10. The coaxial connector according to claim 5, wherein the contacting part of the fixed terminal has an inclined surface with respect to the contacting part of the movable terminal with a predetermined angle, and the contacting part of the movable terminal is linearly contacted with the inclined surface of the fixed terminal for sliding the same.

11. The coaxial connector according to claim 3, wherein the contacting part of the fixed terminal and the contacting part of the movable terminal are provided so as to project from positions substantially opposite to each other on the inner wall surface of the concave part of the case to a position away from an inner bottom surface of the concave part by a predetermined distance.

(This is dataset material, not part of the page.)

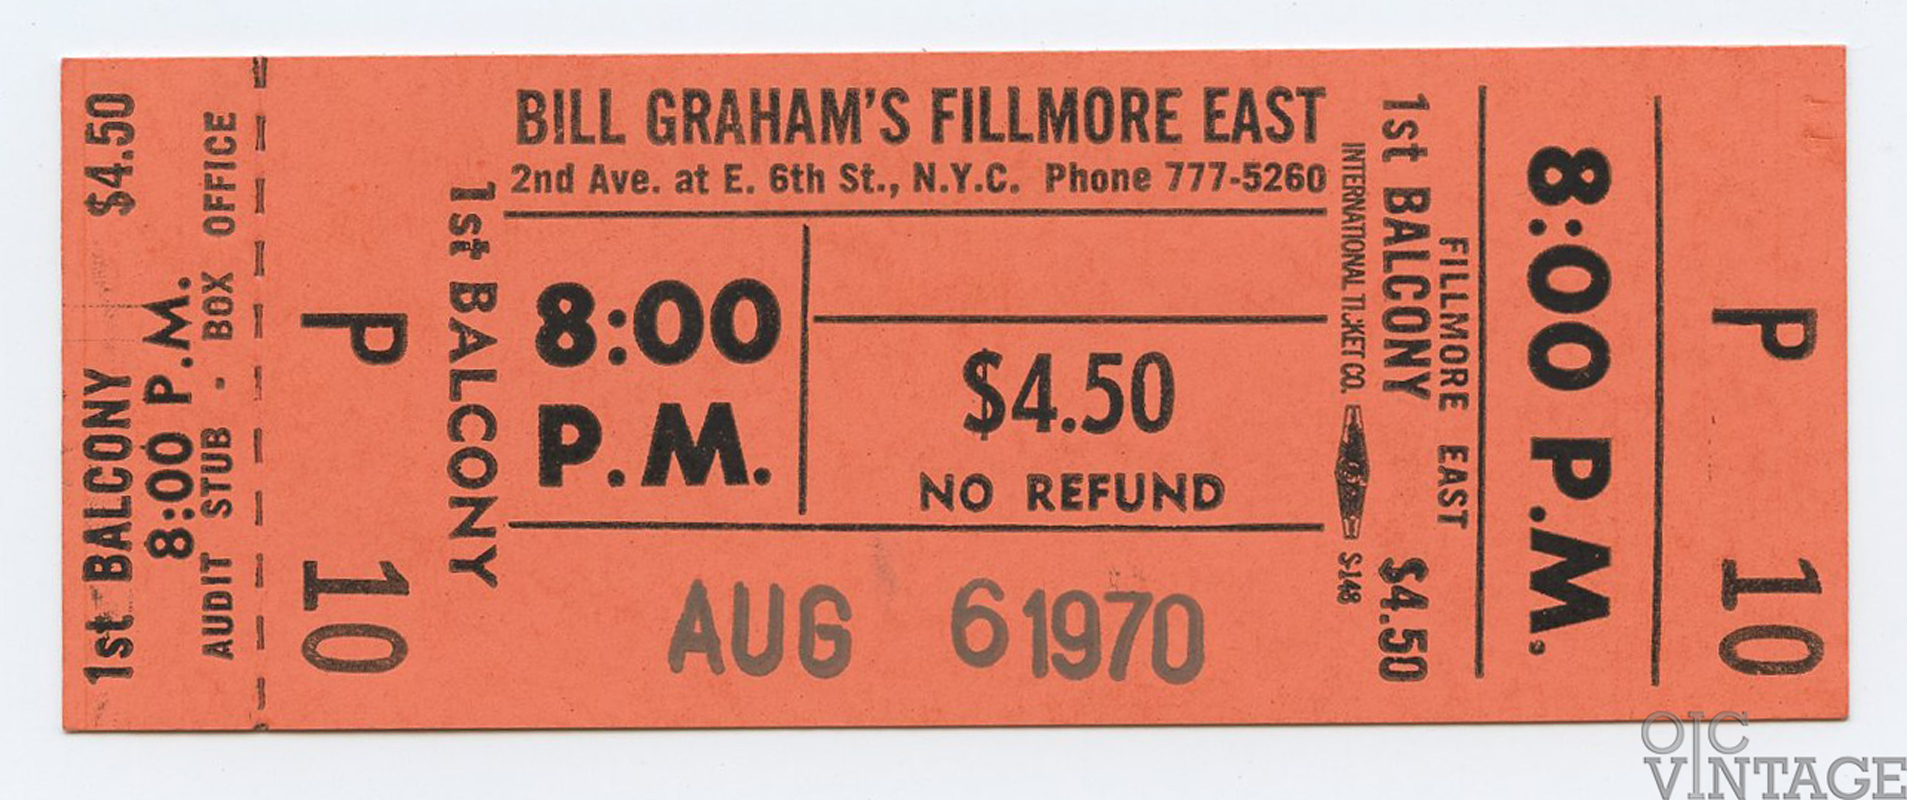 Bill Graham Fillmore East Vintage Ticket 1970 Aug 6 cancelled Concert Unsued

12. The coaxial connector according to claim 3, wherein the case has a substantially rectangular parallelopiped shape,

lead parts formed integrally with the movable terminal and the fixed terminal are bent around to a lower side of the case so as to form first connecting end parts substantially flush with a rear surface of the case, and

the external terminal being a plate-like member and having a substantially U-shaped cross-section with respect to a longitudinal direction is adhered to the case,

wherein the external terminal has a central flat part disposed on an upper surface of the case and bent parts provided on both sides of the central flat part, the central flat part being provided with a through cylinder to be fitted with the external conductor of the counterpart coaxial connector for introducing the central contact into the concave part of the case and the bent parts being bent around to the lower side of the case and extending along an outer surface of side walls of the case so as to form second connecting end parts substantially flush with the rear surface of the case.

13. The coaxial connector according to claim 3, wherein the case and the terminals are formed integrally.